**INSTRUCTIONS FOR THE TASK:** Return the listing exactly as it appears, but strip out the images.

**DATA SEGMENT:**
----

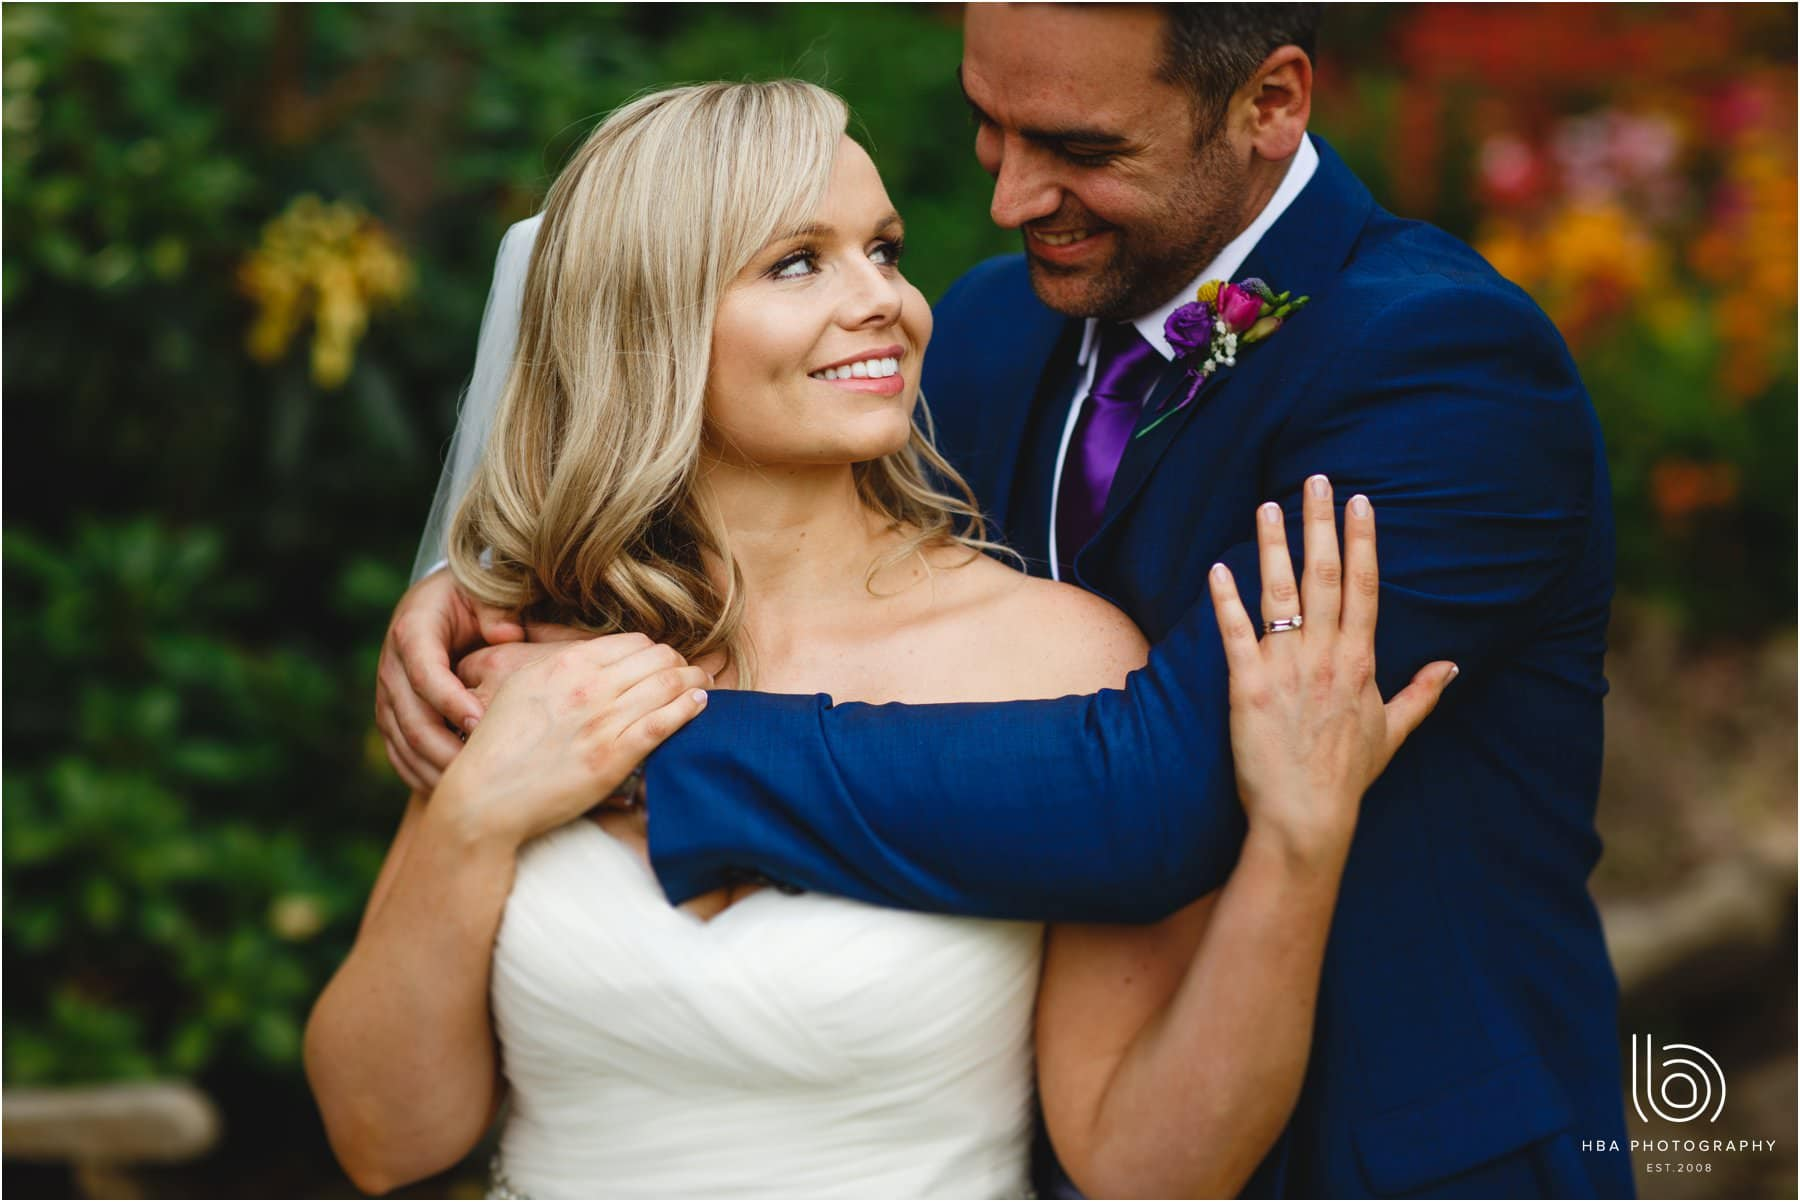 The bride & groom cuddling
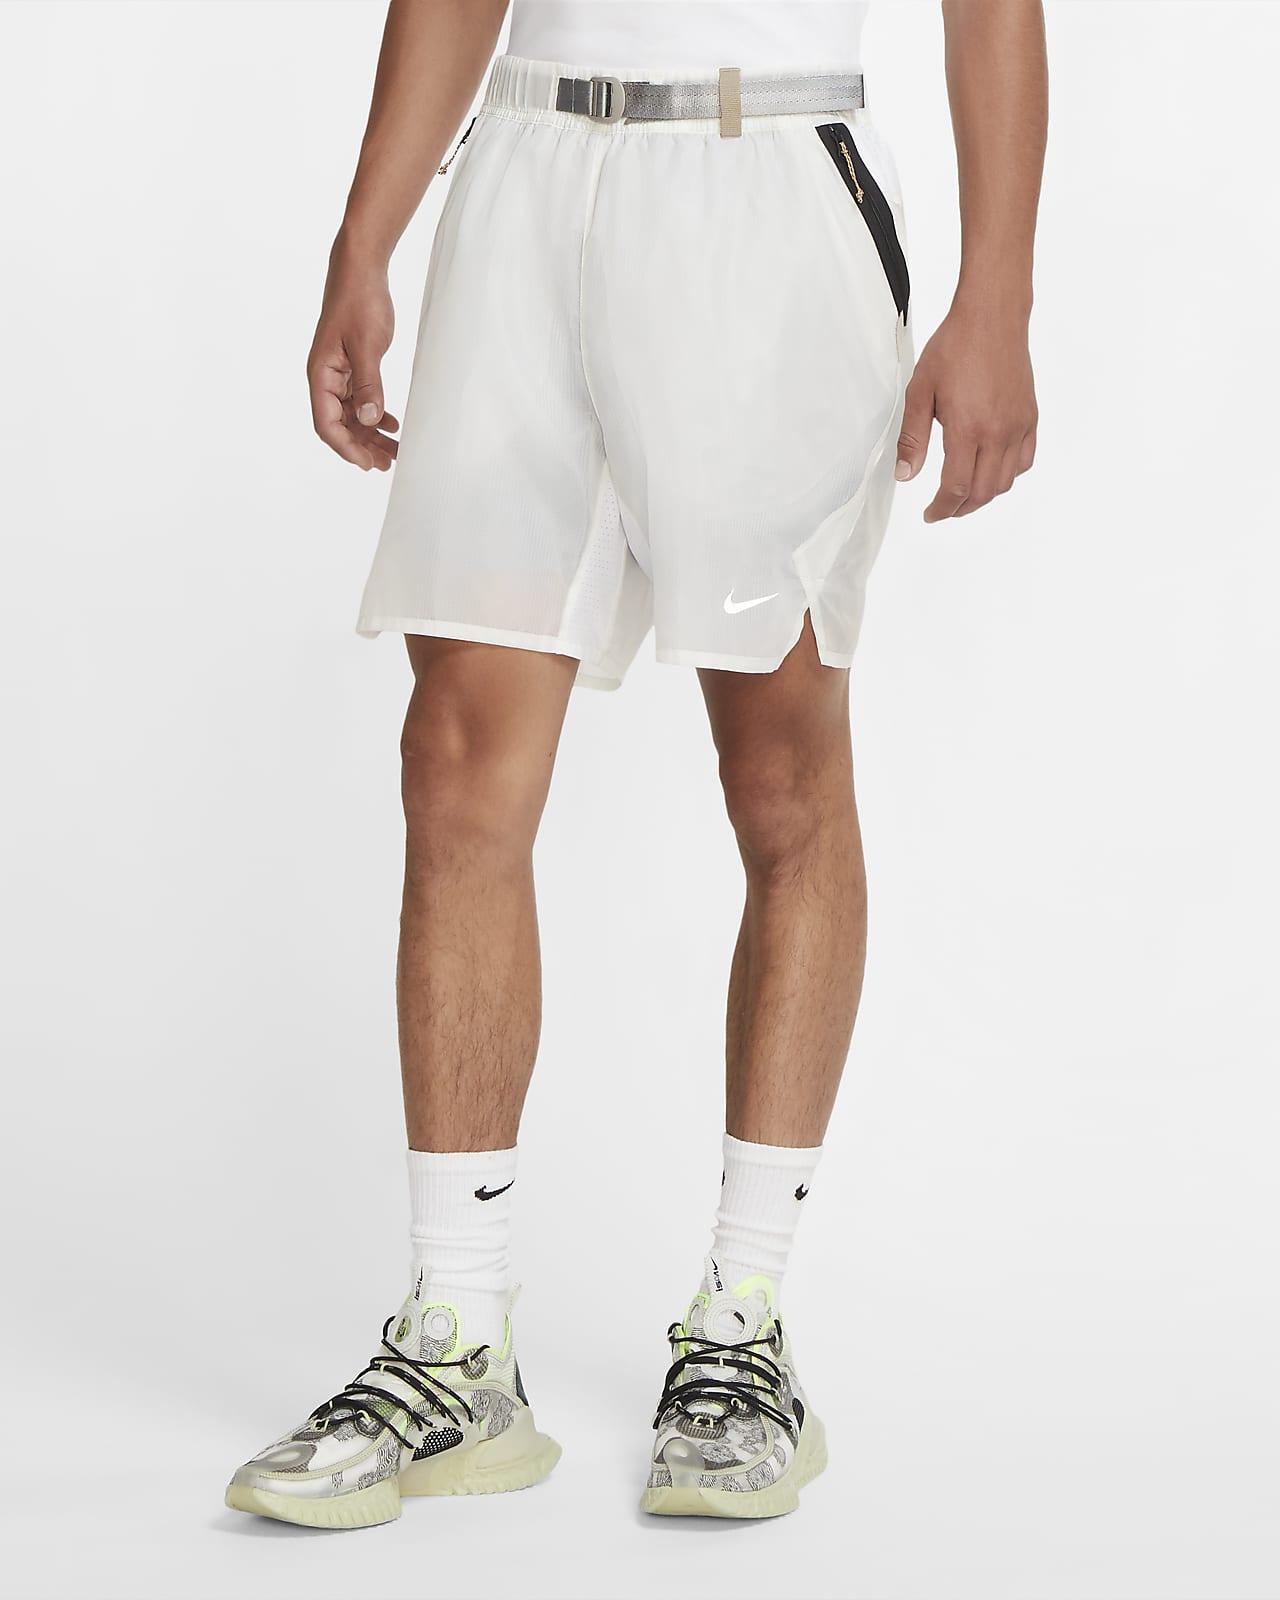 Shorts para hombre Nike ISPA
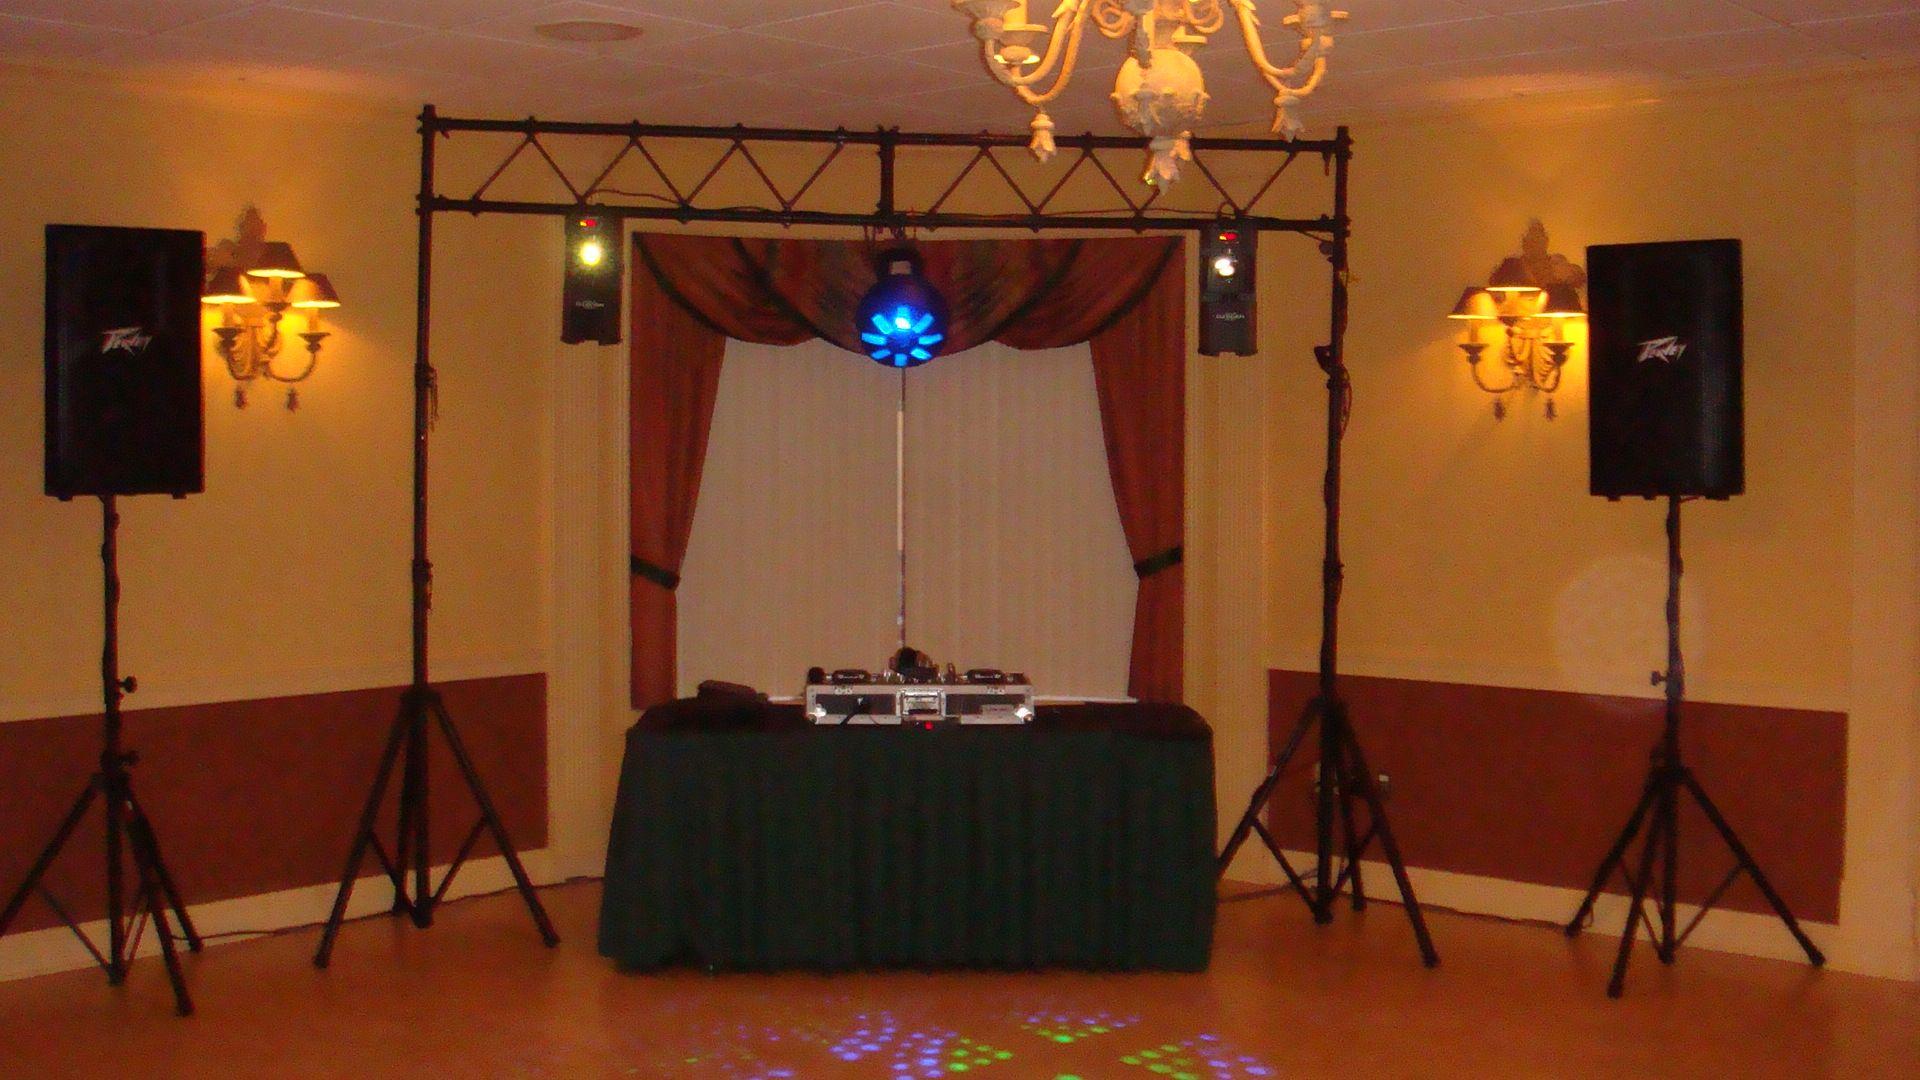 Dj Booth For Sale >> Pin by Probiotic Soundsystem on Cool DJ Booths | Dj setup ...
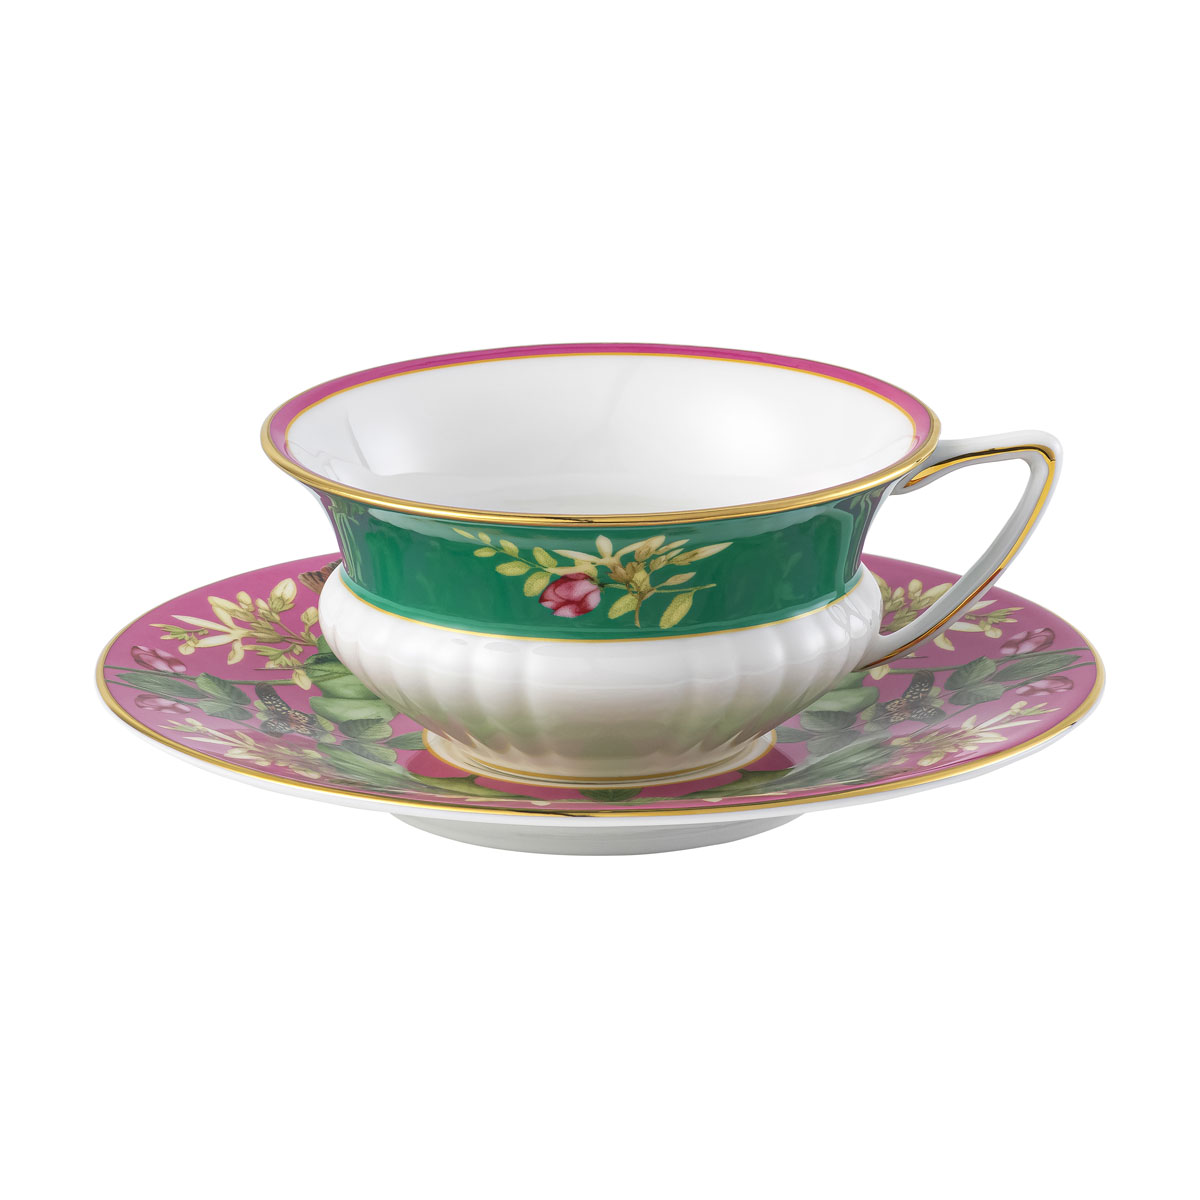 Wedgwood Wonderlust Pink Lotus Teacup and Saucer

----

**RESPONSE TO THIS EXERCISE:**
 The bride & groom cuddling
 Shorts para hombre Nike ISPA
 Dj Booth For Sale >> Pin by Probiotic Soundsystem on Cool DJ Booths | Dj setup ...
 Wedgwood Wonderlust Pink Lotus Teacup and Saucer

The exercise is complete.